City of Scoundrels: The 12 Days of Disaster That Gave Birth to Modern Chicago by Gary Krist (Broadway Books, $14.95, 384 pages)

“Oh, the winds of Chicago have torn me to shreds….” Bob Dylan, “Cold Irons Bound”

City of Scoundrels (nook book)

Those who have gone on the Chicago Architecture Foundation’s river cruise will never again look at the city’s buildings the same way. There are many cities in America (New York, with an aura all its own, and Los Angeles with its own unique vibe) that typically rule the pop culture landscape. But there is one city in this country so uniquely American that it is better experienced than described or imagined — particularly when it is paradoxically and arguably the most corrupt city in our nation’s history.

Yes, there is the blue-collar folklore, The Jungle, and everything else, all of which is either true or has elements of truth to it. But Chicago is, and always has been, a mystery of wonder — simultaneously brilliant, politically corrupt, awe-inspiring and bad at baseball.

Gary Krist’s City of Scoundrels attempts to capture the essence of Chicago through the lens of twelve particularly challenging days in 1919. The book starts with a blimp crashing into a bank and then, after it gets our attention, chronicles several events, circling back to this tragic event. A racial incident, transit strike (oh, the unions in this great state), and senseless murder of a six-year-old transpire in rapid succession. These events allow the author to paint a picture of a city and its leaders, including the iconoclastic mayor, William “Big Bill” Thompson, who dreamed of making the city the architectural gem of the world.

In the meantime, for the baseball fans among us, references to the Black Sox scandal are sprinkled in, and the even more corrupt decade of the 20s and Al Capone foreshadowed in the Epilogue.

The factually accurate City of Scoundrels features meticulous research. It is interesting, though this is likely more confined to those who have some existing knowledge of or personal interest in Chicago. It would be less interesting for general readers.

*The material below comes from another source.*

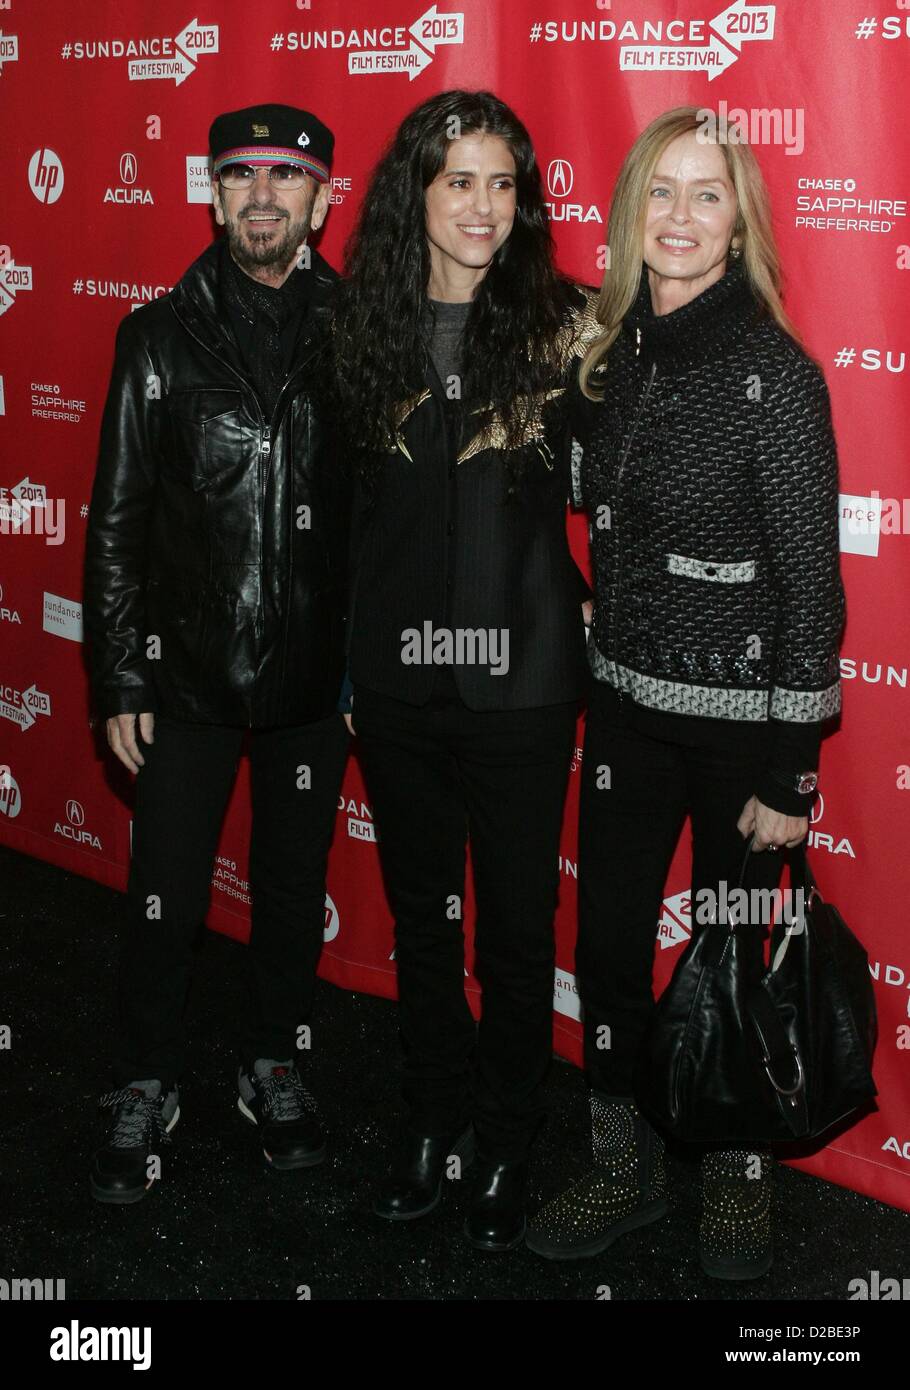 Ringo Starr, Francesca Gregorini, Barbara Bach at arrivals for EMANUEL AND THE TRUTH ABOUT FISHES Premiere at 2013 Sundance Film Festival, Library Center Theatre, Park City, UT, USA. January 18, 2013. Photo By: James Atoa/Everett Collection/Alamy live news. Stock Photo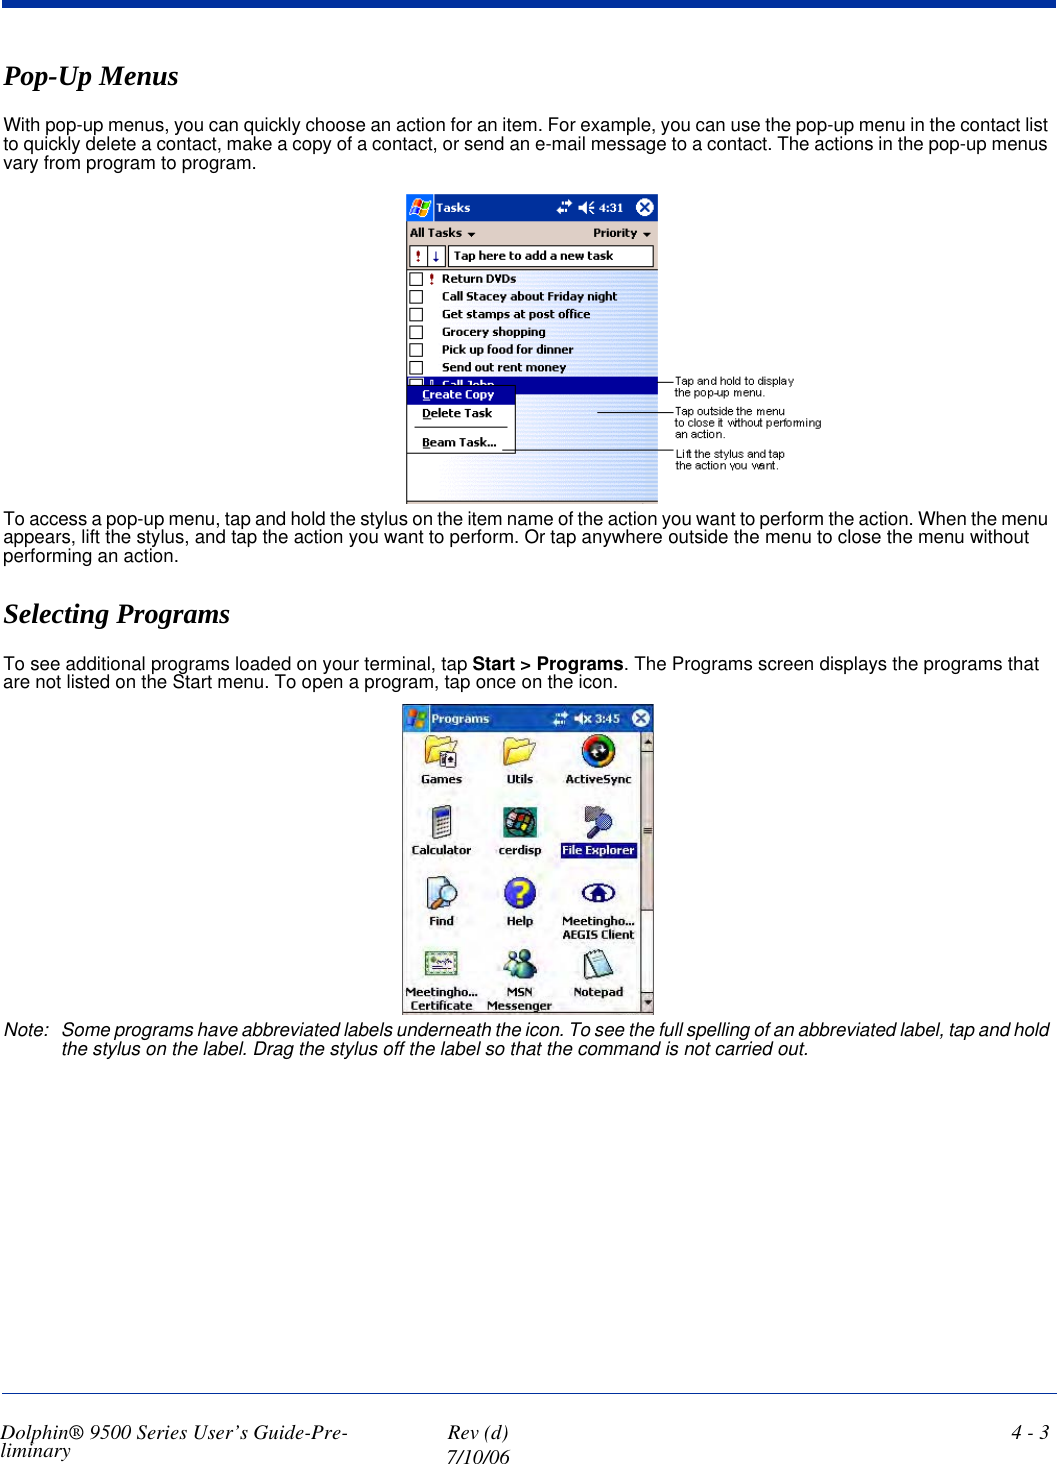 Dolphin® 9500 Series User’s Guide-Pre-liminary  Rev (d)7/10/064 - 3Pop-Up MenusWith pop-up menus, you can quickly choose an action for an item. For example, you can use the pop-up menu in the contact list to quickly delete a contact, make a copy of a contact, or send an e-mail message to a contact. The actions in the pop-up menus vary from program to program.To access a pop-up menu, tap and hold the stylus on the item name of the action you want to perform the action. When the menu appears, lift the stylus, and tap the action you want to perform. Or tap anywhere outside the menu to close the menu without performing an action.Selecting ProgramsTo see additional programs loaded on your terminal, tap Start &gt; Programs. The Programs screen displays the programs that are not listed on the Start menu. To open a program, tap once on the icon.Note: Some programs have abbreviated labels underneath the icon. To see the full spelling of an abbreviated label, tap and hold the stylus on the label. Drag the stylus off the label so that the command is not carried out.

It is a very good book, but despite the shocking events described, it does not capture the raw emotion inspired by the true experience of Chicago — getting off at the train station and being pressurized out of the building into the sights and sounds of the city, seeing the sun over a brick outfield wall as the latest edition of a terrible team attempts to play baseball on a weekly afternoon, or seeing the juices of a barely edible pizza run down the side of the cheek of another innocent victim.

The book feels like an essay. It would be better if it were an essay that felt like the Windy City.

Recommended.

Dave Moyer

A review copy was provided by the publisher.

Dave Moyer is an educator and the author of Life and Life Only: A Novel.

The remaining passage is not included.